Rebalancing

Neugewichtung

Das Rebalancing ist neben der richtigen Auswahl der einzelnen Titel eine der wichtigsten Disziplinen im Portfoliomanagement. mw-headline" id="Siehe_auch">Siehe auch[Edit< class="mw-editsection-divider"> | Edit source code]>/span=> Unter Rebalancing versteht man die Neuzuordnung von Kapitalanlagen zur Wiedererlangung der zu erreichenden Asset Allocation (Asset Allocation). Wird eine Asset Allocation realisiert, so weicht diese aufgrund der unterschiedlichen Performance der jeweiligen Anlagekategorien im Zeitablauf von der Ist-Situation ab. Danach muss die angestrebte Allokation wieder hergestellt werden, indem die Mittel zwischen den Anlagekategorien des Portefeuilles umverteilt werden. Praktisch schwierig sind dabei die angefallenen Transaktionsgebühren und mögliche Steuernachteile (Kursgewinne müssen besteuert werden, Wechselkursverluste können abgezogen werden).

Im Rahmen einer aktiveren Investmentstrategie werden Verschiebungen bei Bekanntwerden neuer öffentlicher Erkenntnisse (ex post z.B. über den Zins oder die Indexzusammensetzung, z.B. DAX) oder bei Verschiebungen der jeweiligen Aktien durch Kurszuwächse (ex post, z.B. 40/60-Strategie) durchgeführt.

Wiederherstellung der strategisch wichtigen Asset Allocation

Auch ohne die aktiven Portfolioveränderungen führen Schwankungen im Bestand der Einzelpositionen zu Änderungen in der Kapitalanlage. Die Portfoliostruktur kann daher im Zeitablauf deutlich von der ursprünglichen definierten Investitionsstruktur, der strateg. Es ist Zeit für eine Neuausrichtung des Portfolios. Deutlich aufgewertete Bestände werden proportional veräußert und wertgeminderte Bestände gekauft.

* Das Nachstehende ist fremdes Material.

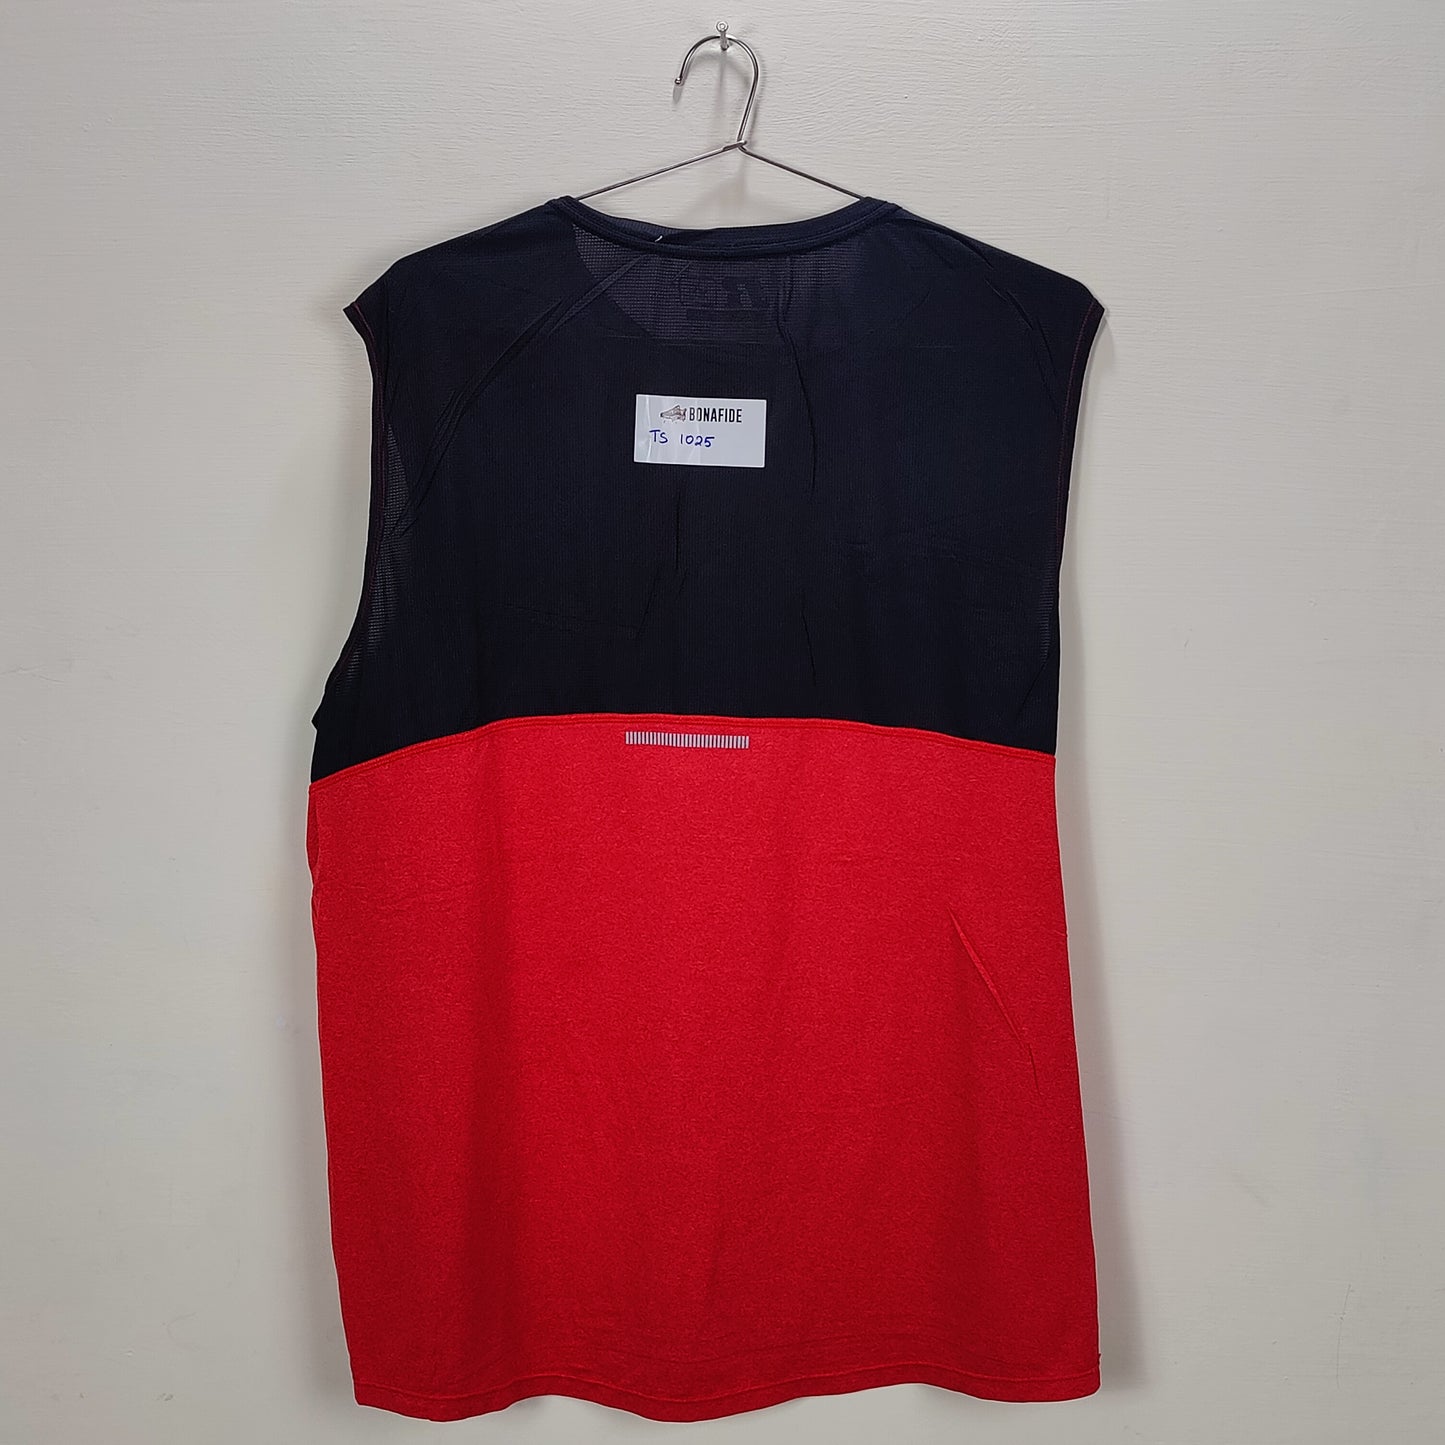 Russell Athletic Shirt - Red - TS1025

Um dies zu verdeutlichen, haben wir ein simples Beispielportfolio mit einer Strategie von 50 prozentigen Beteiligungen und 50 prozentigen Obligationen geschaffen. Beim Beispielportfolio hat sich der Aktienanteil seit dem Start des Portfolios um 42% erhöht. Die Rentenquote ist im Verhältnis dazu nur um 18% gestiegen. Durch das Rebalancing des Portfolios wird die 50:50-Verteilung von Wertpapieren im Portefeuille aufrechterhalten.

Für das Beispielportfolio würde dies bedeuten, dass 16 Anteile des Aktien-ETFs veräußert und 2 Anteile des Renten-ETFs später gekauft werden müssen. Weshalb macht Rebalancing überhaupt keinen Unterschied? Drei gute Argumente sprechen dafür, dass ein Portfolio-Rebalancing Ihnen einen langfristigen Wertzuwachs bietet: Das Portfolio-Rebalancing ermöglicht es Ihnen als Investor, Ihr Risiko einfach, kosteneffizient und Zeit sparend zu managen.

Antizyklischer Handel Das Rebalancing des Portfolios tendiert dazu, konjunkturdämpfende Signale zu geben. Dies hat zur Folge, dass risikoreichere Titel (z.B. Aktien) in hohen Phasen reduziert und in niedrigen Phasen wiederhergestellt werden. Investitionsdisziplin Portfolioanpassungen, die auf einer Rebalancing-Strategie basieren, wie z.B. Anlagelimits, machen ein Timing am Markt überflüssig. Wie viel kosten Rebalancing? Das Rebalancing des Portfolios ist nicht kostenlos.

Der Handel unterliegt in der Regel Transaktionskosten und eventuell der Besteuerung von Veräußerungsgewinnen aus dem Abgang von Position. Beim Rebalancing müssen diese Aufwendungen immer berücksichtigt werden. Bei der Neugewichtung müssen Aufwand und Ertrag in einem angemessenen Rahmen sein. Zu hohe Aufwendungen führen dazu, dass ein Portfolioausgleich der einzelnen Bestände oder sogar ganz vermieden werden sollte.

Zusätzlich zum Portfolio-Rebalancing, bei dem Einzelpositionen veräußert und andere erworben werden, kann auch ein Cashflow-Rebalancing erfolgen. Mit einer Einmalzahlung wird die strategisch wichtige Investitionsstruktur des Portefeuilles wieder hergestellt.